When Market Incentives Lead to Bad Outcomes, Continued

A couple of weeks ago, I wrote a post about Atul Gawande’s New Yorker article about health care spending and outcomes. I didn’t claim to have any particular insight about health care economics; I just thought that people should read his article – which, to summarize greatly, argues that there is no correlation between high spending and good outcomes, because the current system does not motivate doctors to seek good outcomes. (Apparently Barack Obama agreed, since the Times reported that “the article became required reading in the White House.”)

That post got a lot of interest, so here is a follow-up.

A lot of the data on regional variations in spending and outcomes come from the Dartmouth Atlas of Health Care, whose findings are summarized in the first paragraph of Jonathan Skinner’s Economix post:

“For the last three decades, John Wennberg and his Dartmouth colleagues have documented regional variation in Medicare spending and a puzzling lack of association between spending and better health outcomes. Regions that spend more on medical care don’t necessarily have sicker people, and they don’t get better results. It isn’t clear what benefit they are receiving for all the money they’re spending.”

Skinner’s post cites and then responds to criticisms mentioned in the aforementioned Times article and in a Wall Street Journal editorial. The most direct criticism, it seems to me, is that the Dartmouth study does not control for the sickness of populations; however, as Skinner says, studies that do control for population differences still find major spending gaps. In Economix yesterday, David Leonhardt provides an overview of this debate.

Finally, Leonhardt’s column yesterday addresses the political flavor of the same issue: rationing. His position is summed up here:

“Milton Friedman’s beloved line is a good way to frame the issue: There is no such thing as a free lunch. The choice isn’t between rationing and not rationing. It’s between rationing well and rationing badly. Given that the United States devotes far more of its economy to health care than other rich countries, and gets worse results by many measures, it’s hard to argue that we are now rationing very rationally.”

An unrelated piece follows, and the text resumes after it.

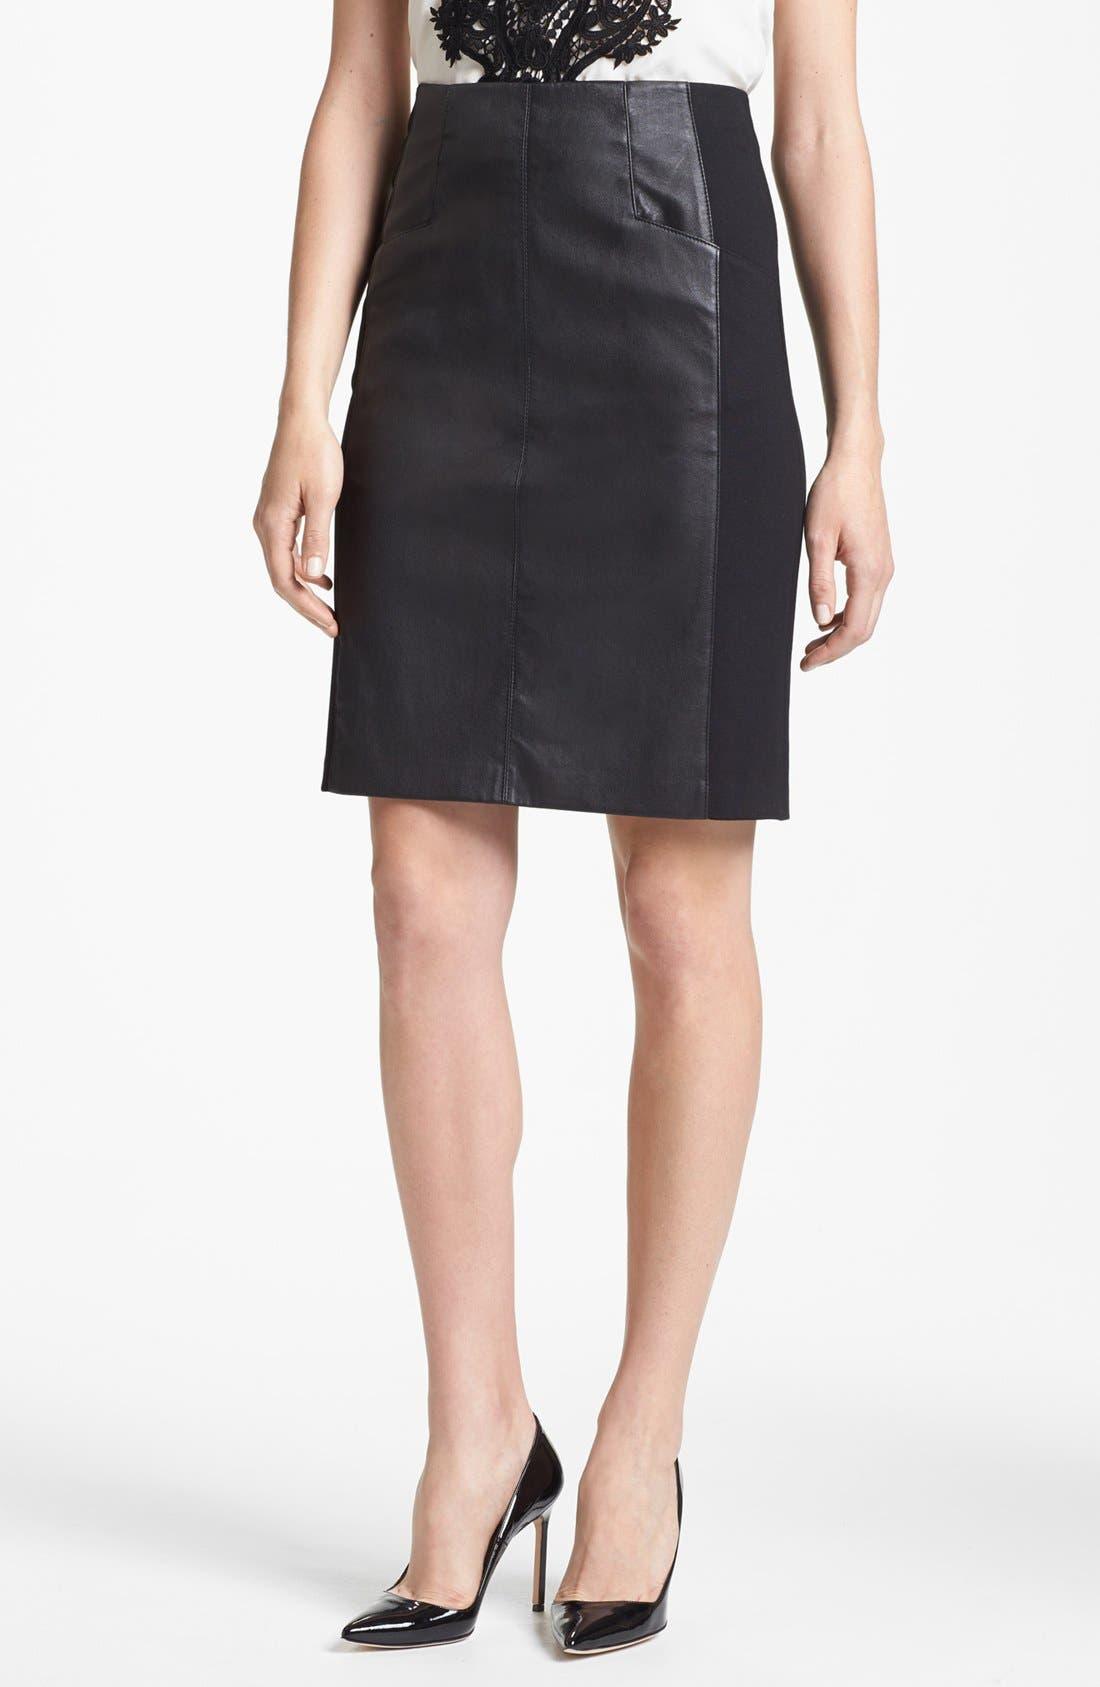 Main Image - Nanette Lepore 'Mime' Leather & Knit Skirt

Leonhardt argues that the current health care “system” implements three kinds of rationing. First, businesses faced with higher health care costs compensate by reducing wage growth (to zero, in some cases) – so expensive health care comes at the cost of everything else. Second, higher health costs mean that many businesses do not provide health insurance; the rationing here is that some people get semi-comprehensive health care, and some don’t. Third, the current economic incentives lead doctors to provide some types of care (expensive procedures) at the expense of other types of care (spending time with patients, preventive medicine), even though the latter may be more important than the former; here, rationing is preventing access to some forms of care.

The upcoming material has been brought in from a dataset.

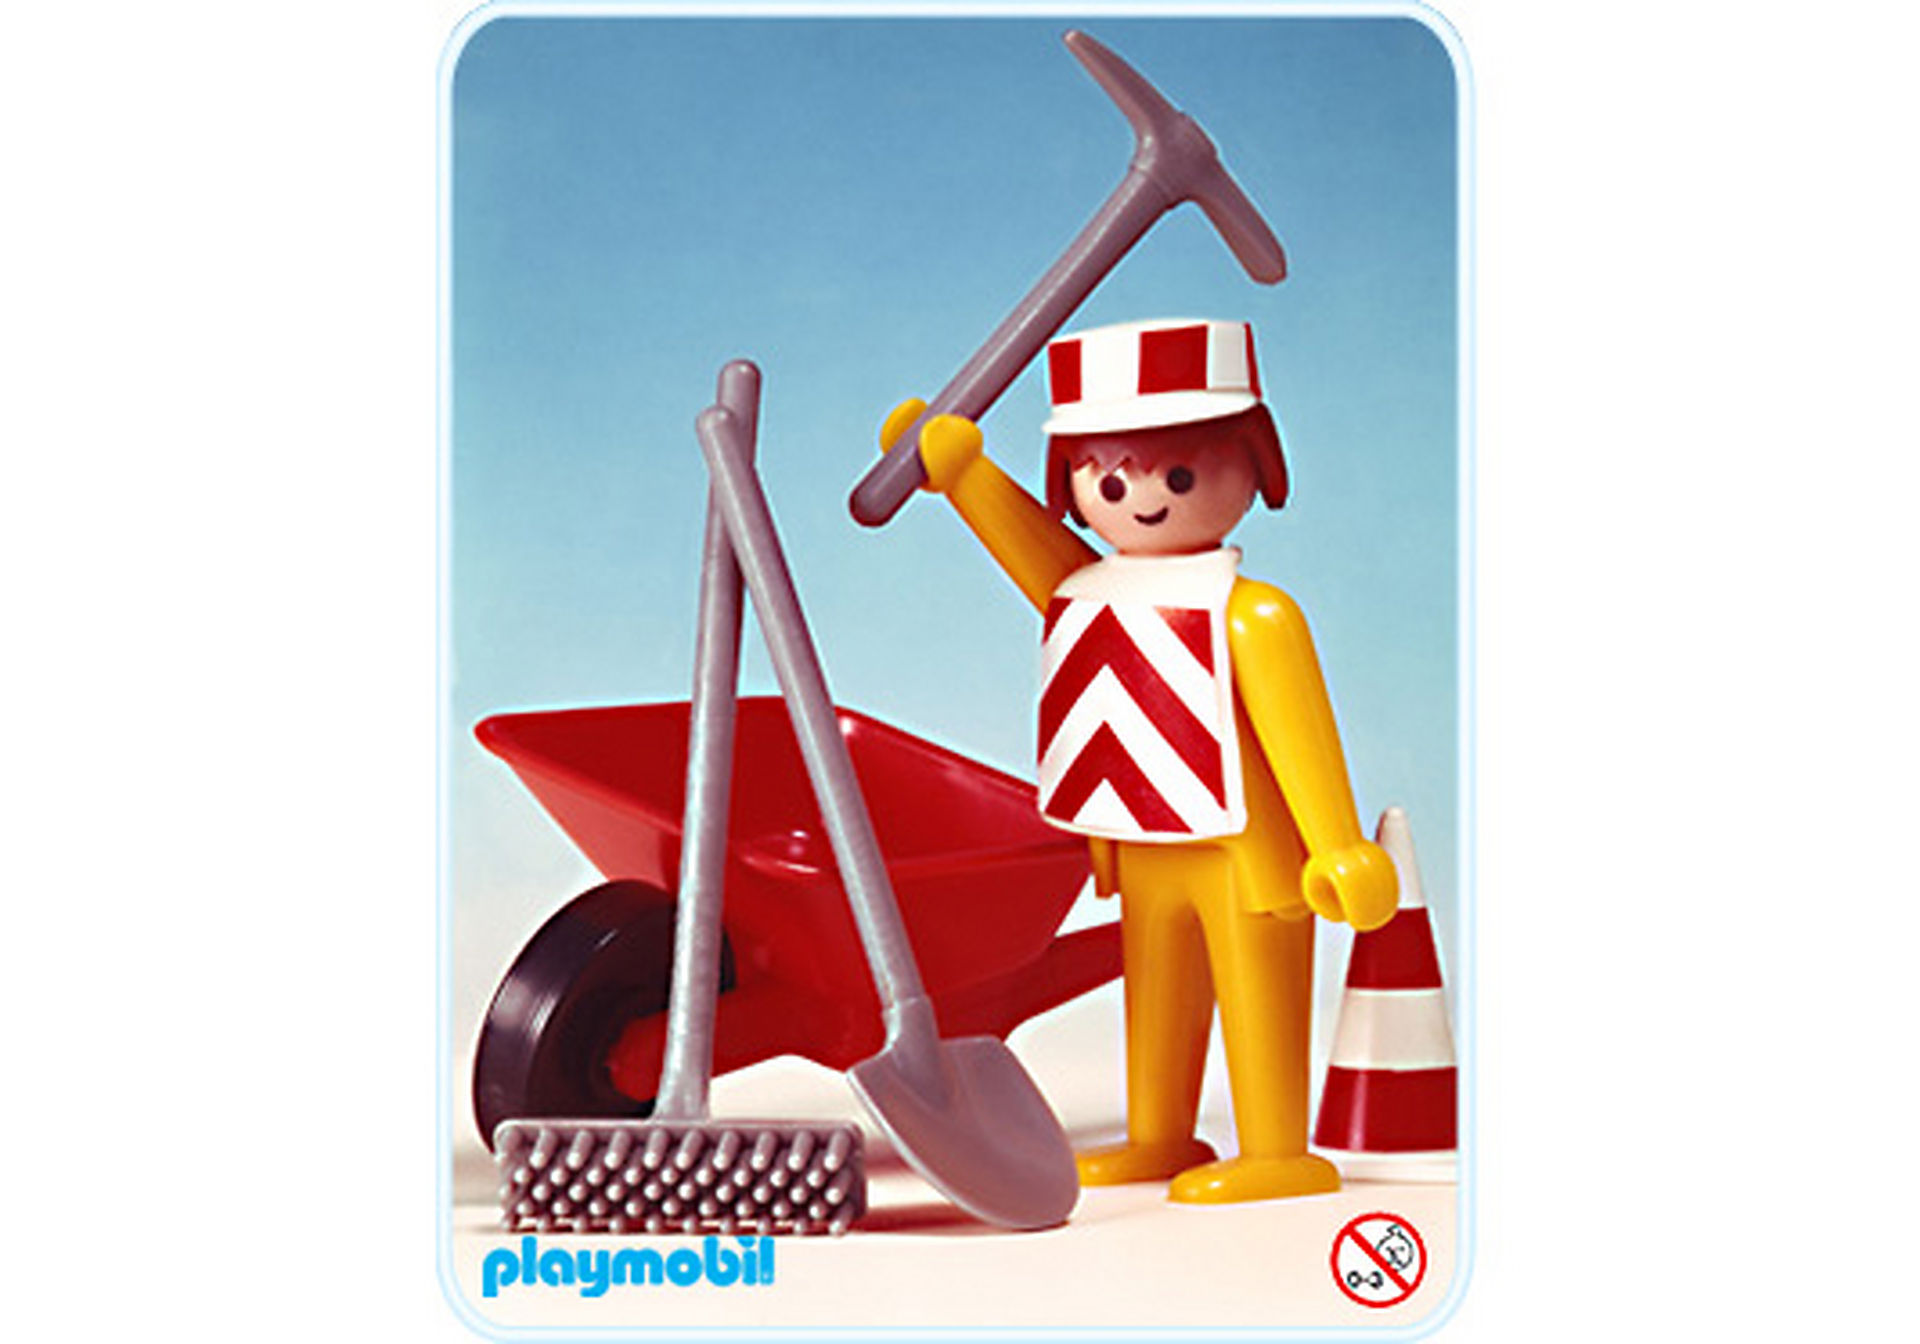 3313-A Straßenbauarbeiter/Schubkarren zoom image1

With financial reform watered down to “minor technocratic tweaks” (although I hold out some hope for the Financial Product Safety Commission, or whatever it will be called), the established health care interests must be encouraged.

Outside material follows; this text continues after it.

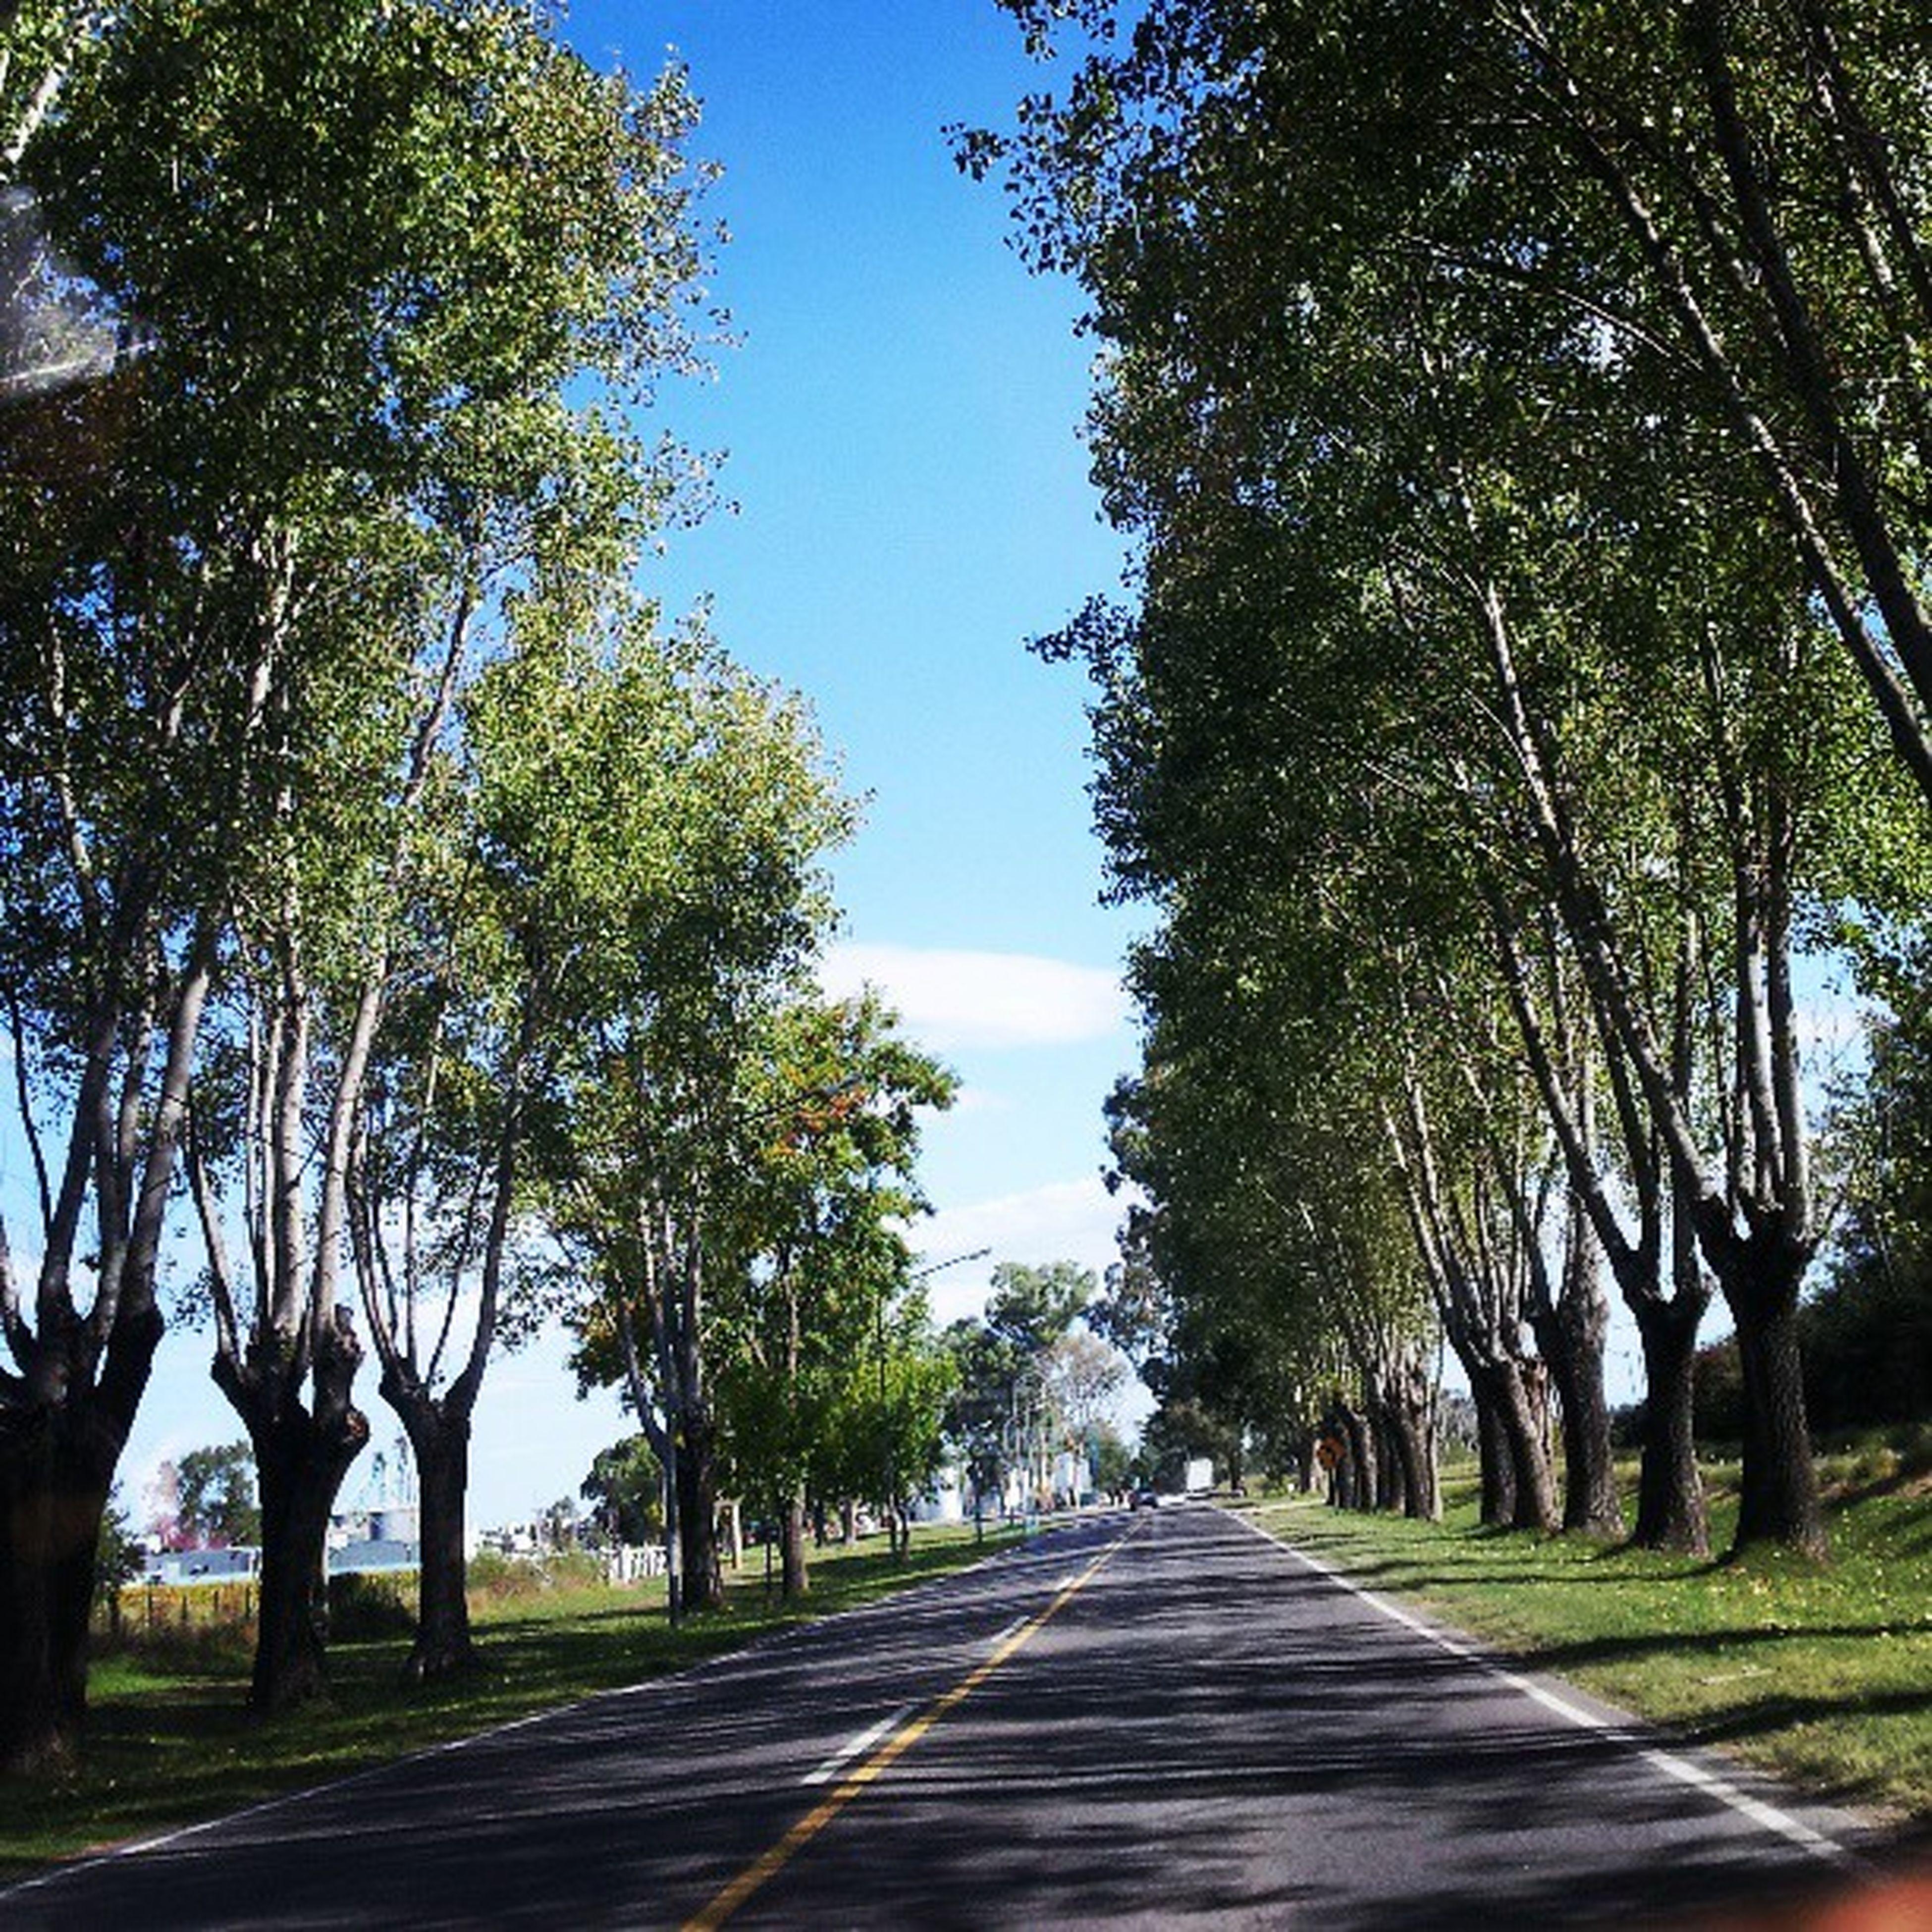 the way forward, tree, diminishing perspective, vanishing point, road, treelined, empty road, transportation, tranquility, long, empty, clear sky, tranquil scene, nature, footpath, growth, sunlight, sky, street, tree trunk

Update: Atul Gawande was on Fresh Air yesterday.

By James Kwak

24 thoughts on “When Market Incentives Lead to Bad Outcomes, Continued

  1. I haven’t read the New Yorker article yet, but I read the NYT article and got the gist of it. I think President Obama is really on THE RIGHT TRAIN OF THOUGHT with the gaps in Medicare spending, the the results they produce. He’s on to something here. I really don’t want to sound like a President Obama worshipper, but you can see how sharp his mind is and how voraciously he reads that he picked out this article from the hay stack of articles and advice he must get. It DOES help to have a literate president. I read another article along these same lines in The New Republic magazine written by Jonathan Cohn. Cohn talks about the differences between a private system and universal health care and brings up some interesting points about spending and spending’s correlation with positive results (or lack thereof) I would think the administration would also be interested in. Also for anyone interested in health care economics ANYTHING written or spoken by Uwe E. Reinhardt is good stuff. Here is the link to the Jonathan Cohn article.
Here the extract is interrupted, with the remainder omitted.